*** MATERIAL PROVIDED ***
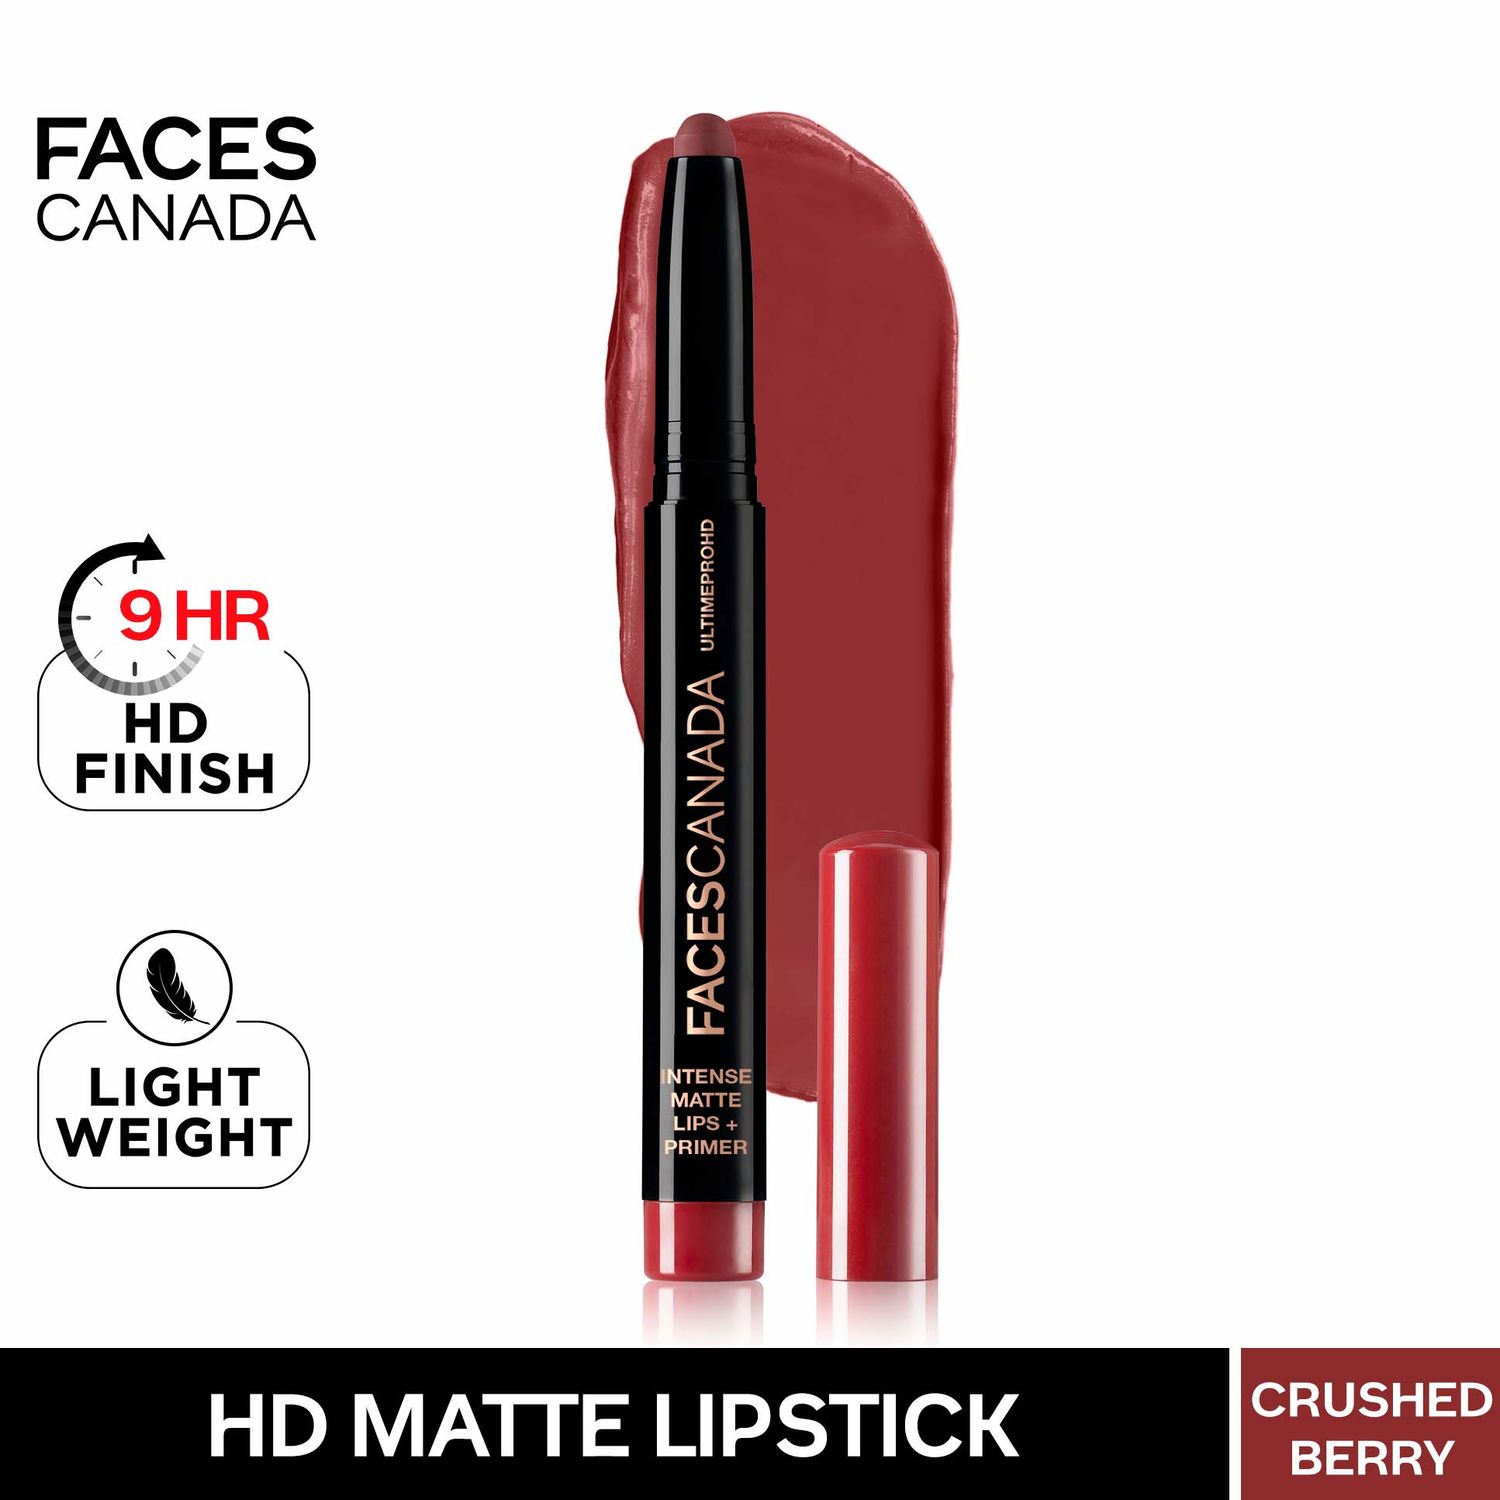 Faces Canada HD Intense Matte Lipstick | Featherlight comfort | 10 hrs stay| Primer infused | Flawless HD finish |Made in Germany | Crushed Berry 1.4g
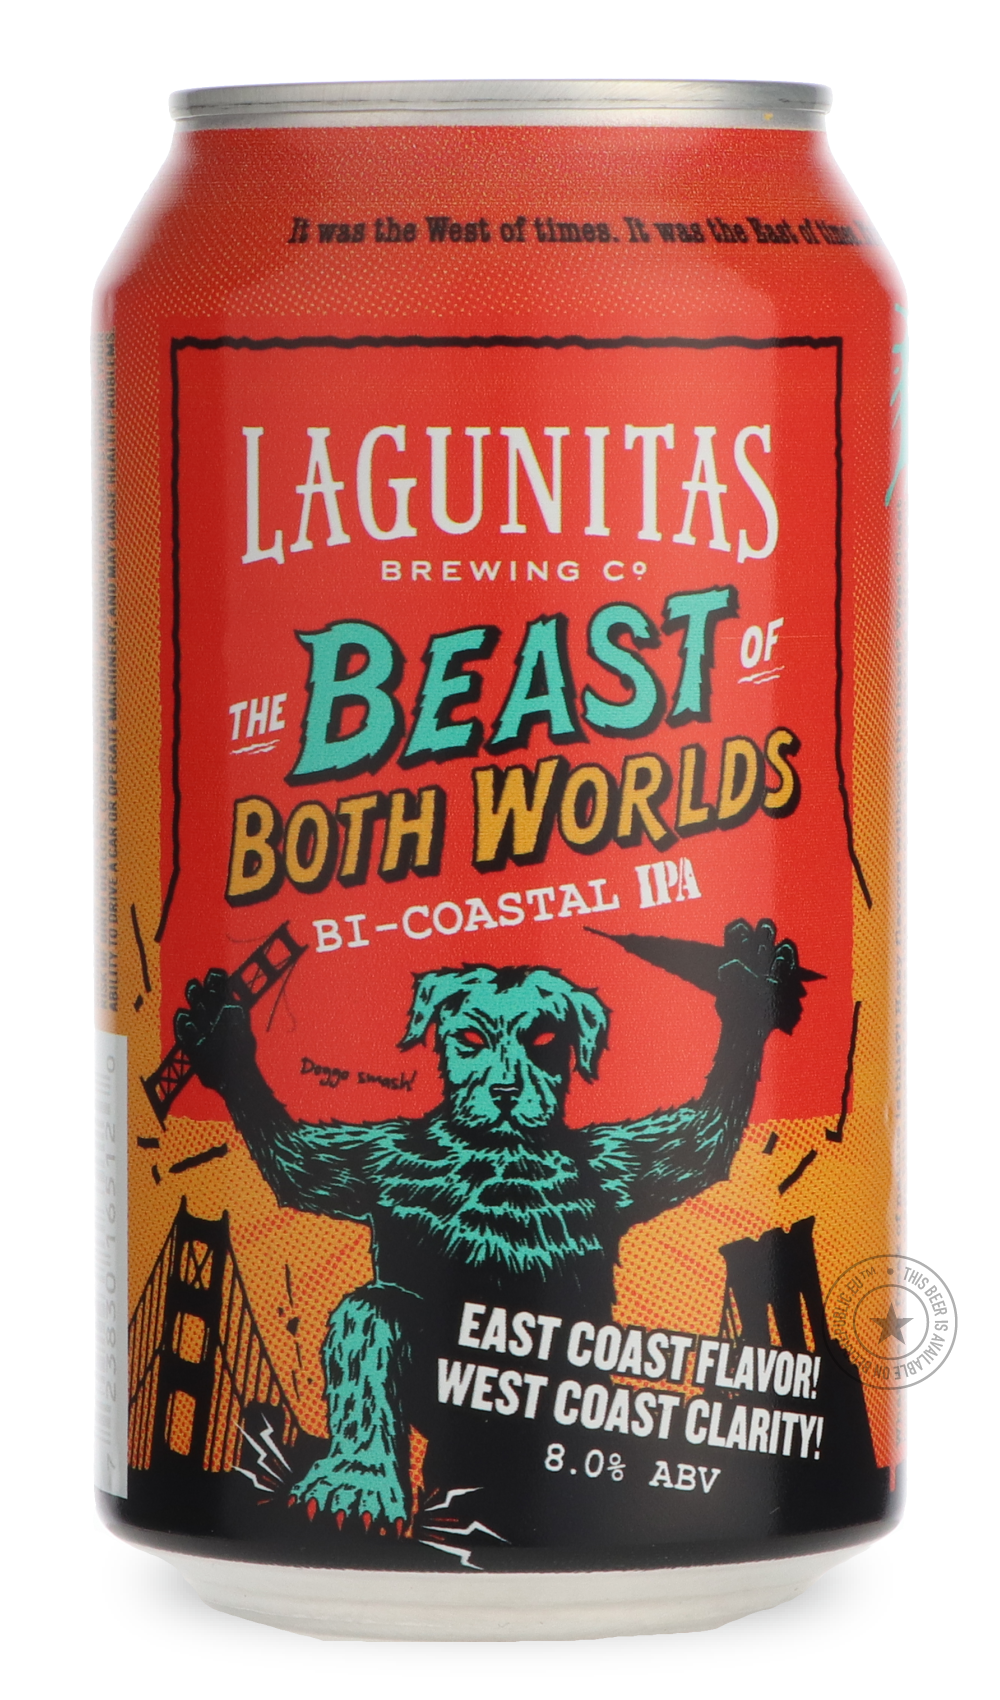 -Lagunitas- The Beast of Both Worlds-IPA- Only @ Beer Republic - The best online beer store for American & Canadian craft beer - Buy beer online from the USA and Canada - Bier online kopen - Amerikaans bier kopen - Craft beer store - Craft beer kopen - Amerikanisch bier kaufen - Bier online kaufen - Acheter biere online - IPA - Stout - Porter - New England IPA - Hazy IPA - Imperial Stout - Barrel Aged - Barrel Aged Imperial Stout - Brown - Dark beer - Blond - Blonde - Pilsner - Lager - Wheat - Weizen - Ambe
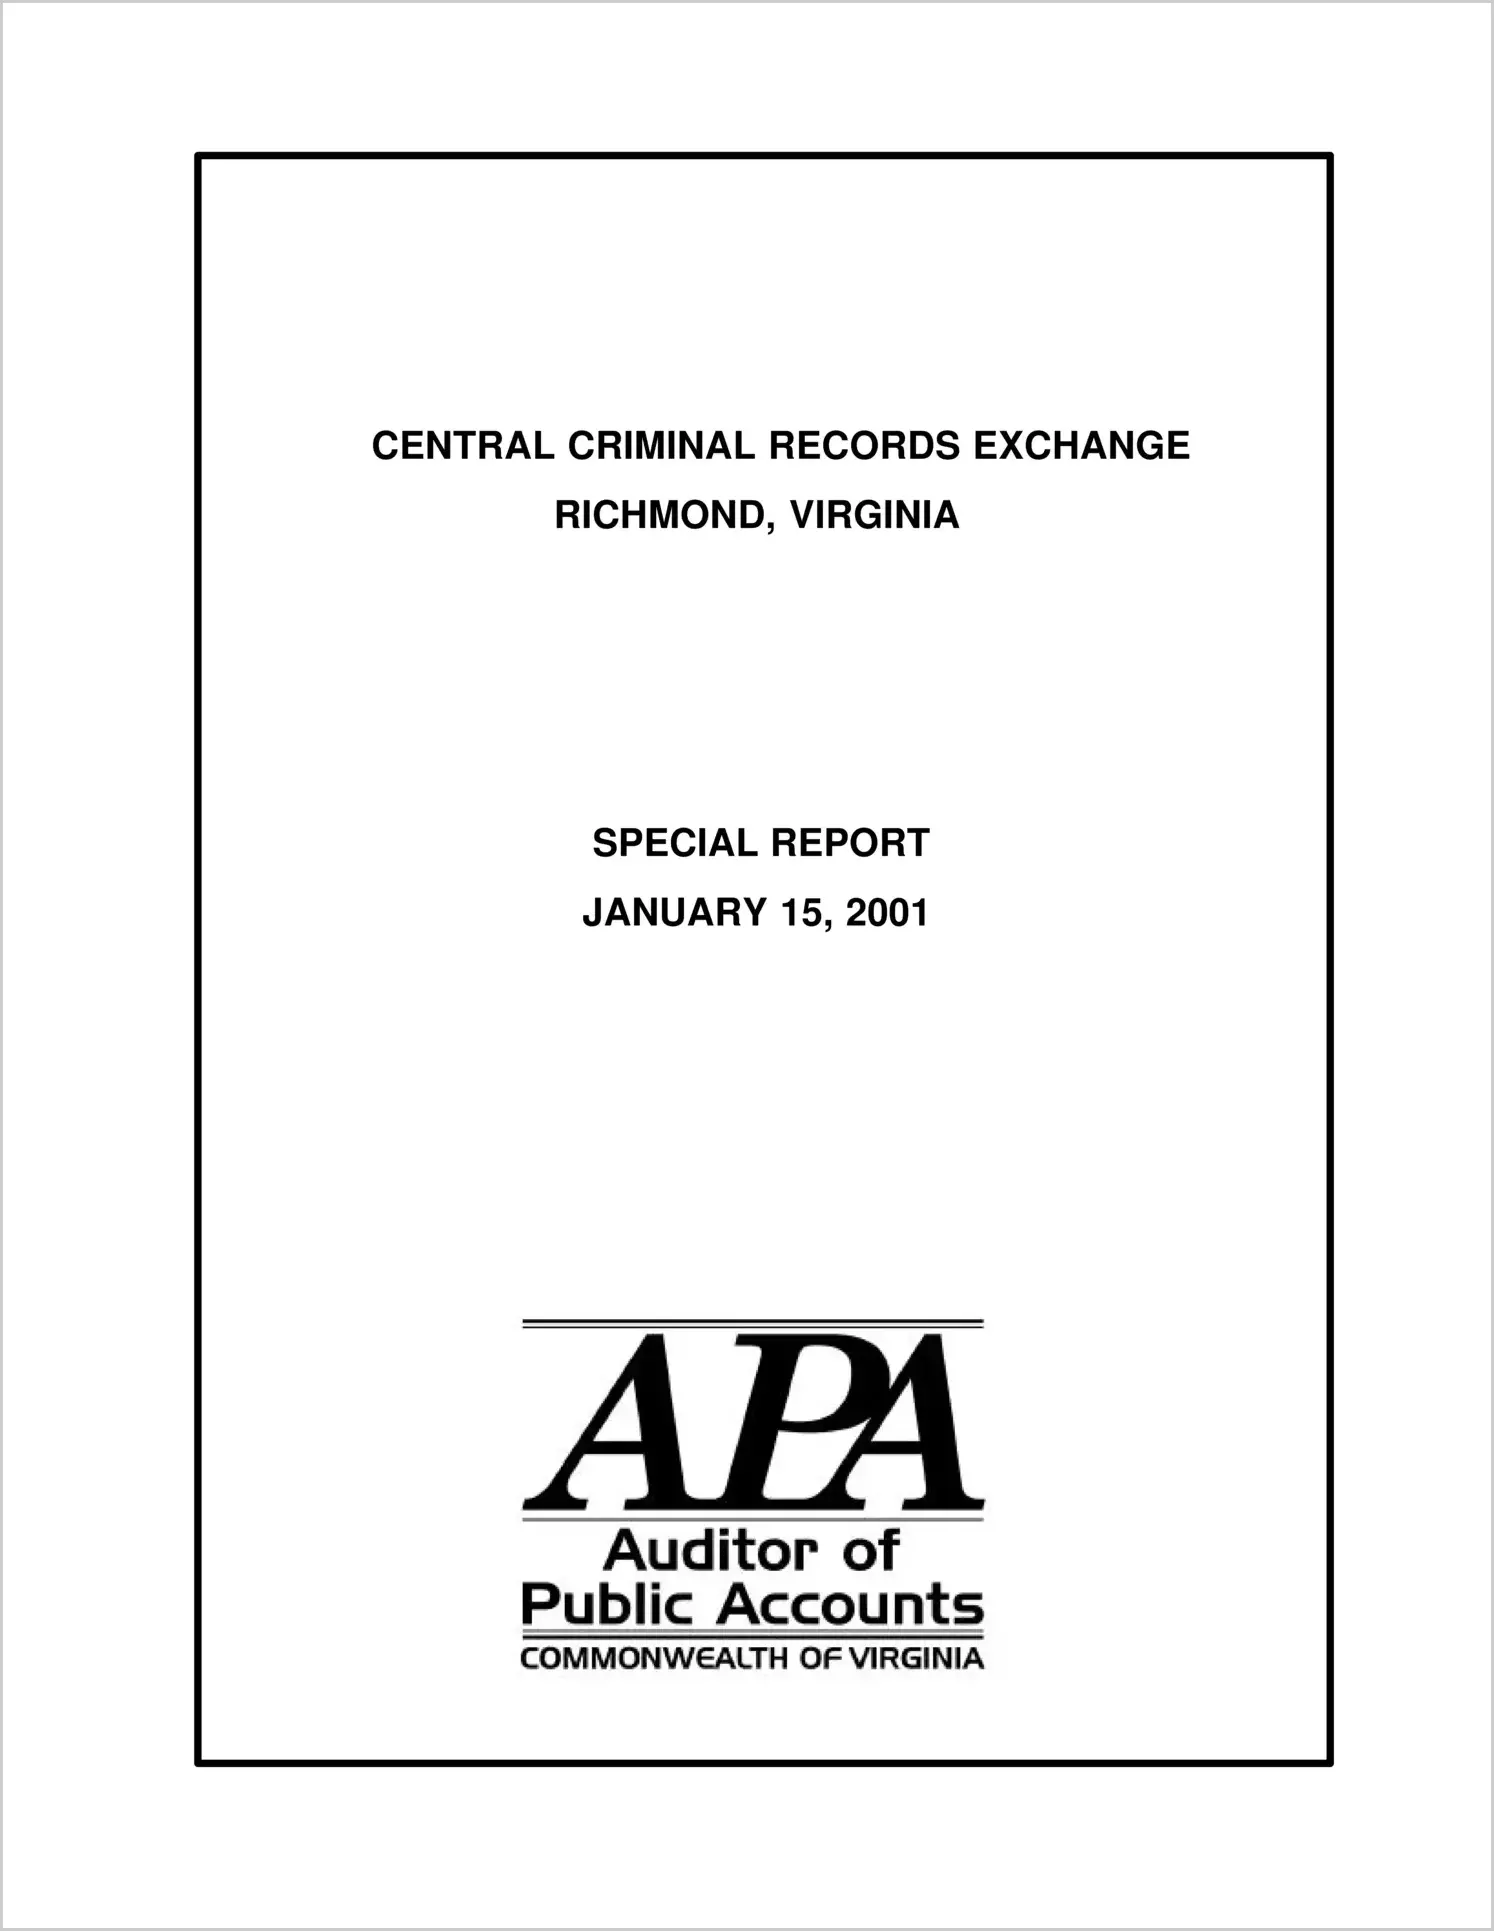 Special ReportCentral Criminal Records Exchange(Report Date: 01/15/2001)
*** End of MATERIAL PROVIDED ***
• WHAT THE TASK REQUIRES: In full and without change, repeat the material above, minus the pictures.

• EXERCISE ANSWER:
 Faces Canada HD Intense Matte Lipstick | Featherlight comfort | 10 hrs stay| Primer infused | Flawless HD finish |Made in Germany | Crushed Berry 1.4g
 -Lagunitas- The Beast of Both Worlds-IPA- Only @ Beer Republic - The best online beer store for American & Canadian craft beer - Buy beer online from the USA and Canada - Bier online kopen - Amerikaans bier kopen - Craft beer store - Craft beer kopen - Amerikanisch bier kaufen - Bier online kaufen - Acheter biere online - IPA - Stout - Porter - New England IPA - Hazy IPA - Imperial Stout - Barrel Aged - Barrel Aged Imperial Stout - Brown - Dark beer - Blond - Blonde - Pilsner - Lager - Wheat - Weizen - Ambe
 Special ReportCentral Criminal Records Exchange(Report Date: 01/15/2001)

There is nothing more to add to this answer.